Good Editing: It’s Not Just Choosing, It Is an Act of Assertion

Esquire’s Harold Hayes.

A passive, inert, dull magazine is usually made up of editors who sit around and wait for writers to send them queries, or pictures, or finished pieces upon which they can react and thus fulfill themselves. Magazine editing is not just the art of choosing, it is an act of assertion.
—Harold Hayes, editor of Esquire from 1963 to 1973.

What gets in the way of assertive editing—the big thing a good editor does—is spending too much time on the many smaller things an editor can do. It’s tempting to burn up the day with the other work: reading everything going into the current issue, making it the best it can be; keeping the publisher, ad director, and circulation director at bay; making sure the design director is designing for the reader, not for other designers; avoiding legal problems; hiring and firing; looking at all the stories already being considered.

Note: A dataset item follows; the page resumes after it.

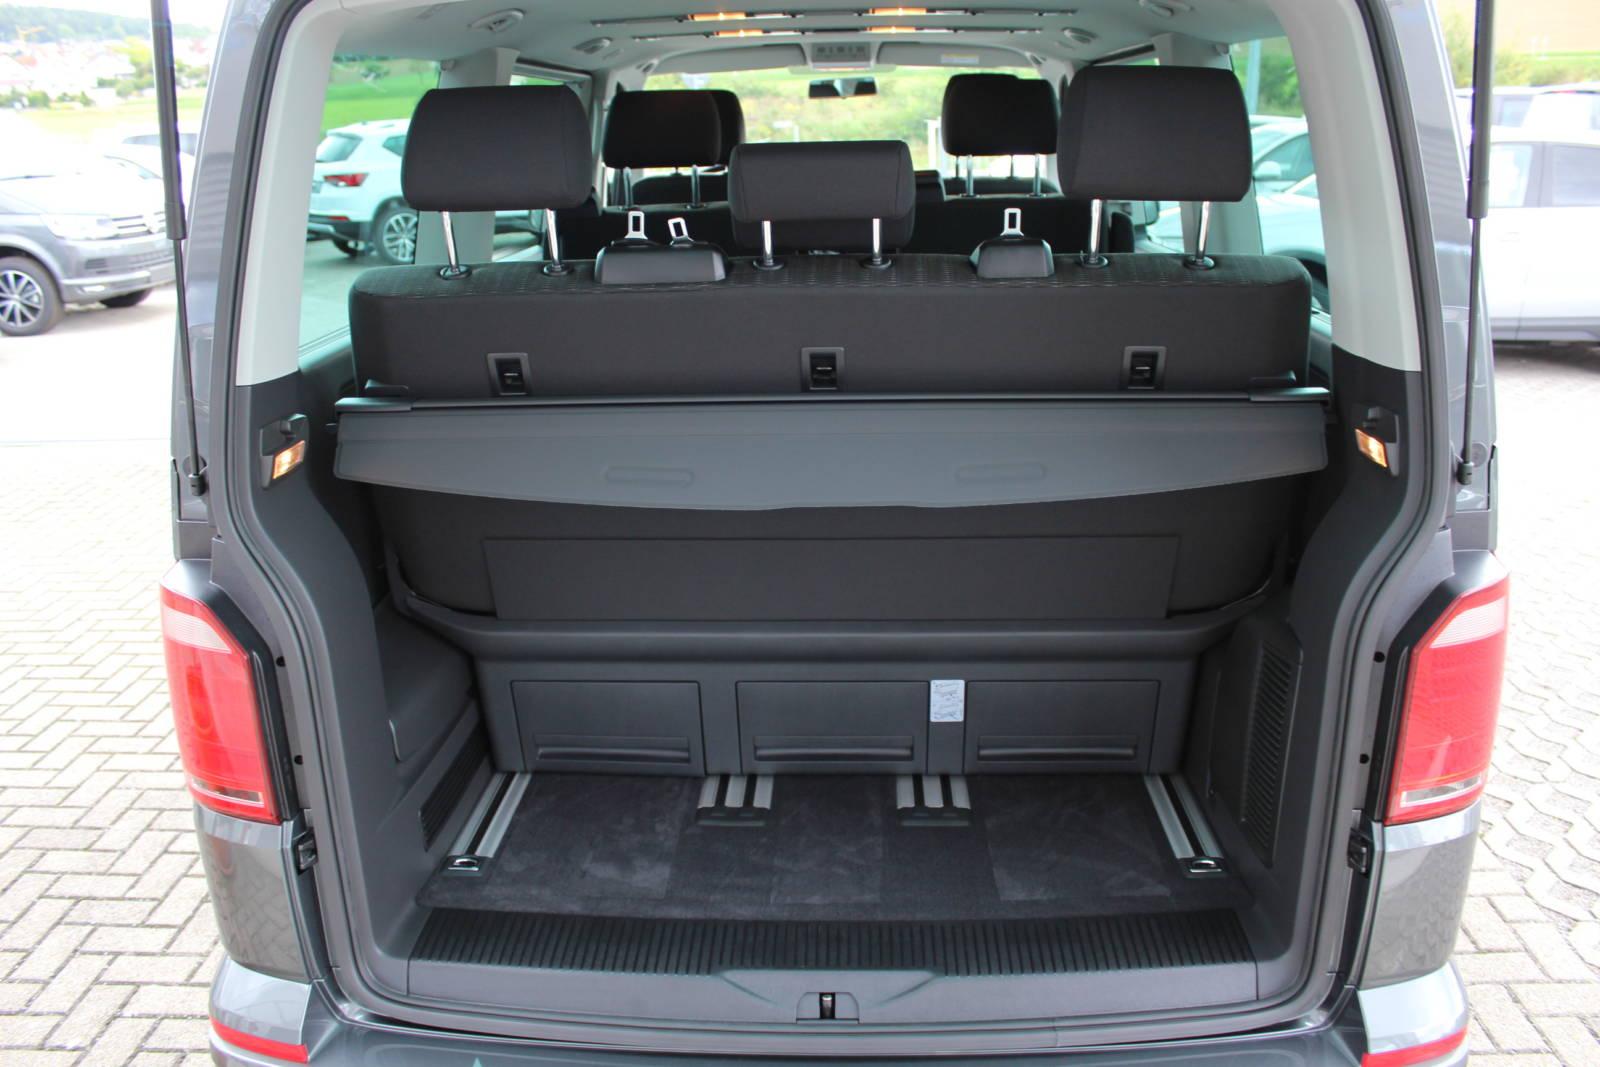 VW T6 Multivan Comfortline 2.0 TDI DSG / Deutsche Neufahrzeuge und EU-Neufahrzeuge – Aha! Fahrzeughandel GmbH in Althengstett

Assertive editing? Make time to read magazines, newspapers, and websites, looking for interesting minds. When you find one, send a note. It may lead to a conversation and that interesting mind then writing something for you.

When a good writer is interested in writing for you, don’t ask for a list of story ideas. Have a relaxed half-hour conversation. What are some things—including some offbeat things—the writer is interested in? The interplay can result in an idea you both love. That’s how you get great stories.

Keep up to date on upcoming books and book deals. Some of the best stories can come from a book author looking to promote his or her book, or the author may have a good idea that didn’t fit into the book but makes a good story for you. And at relatively low cost.

Hayes, maybe the best magazine editor of the past 50 years, said that once Esquire editors stopped editing by opening the mail and started asking themselves what Esquire ought to be, they brought the magazine back to life.
The Hayes quote is from Carol Polsgrove’s book, Esquire in the Sixties: It Wasn’t Pretty, Folks, but Didn’t We Have Fun.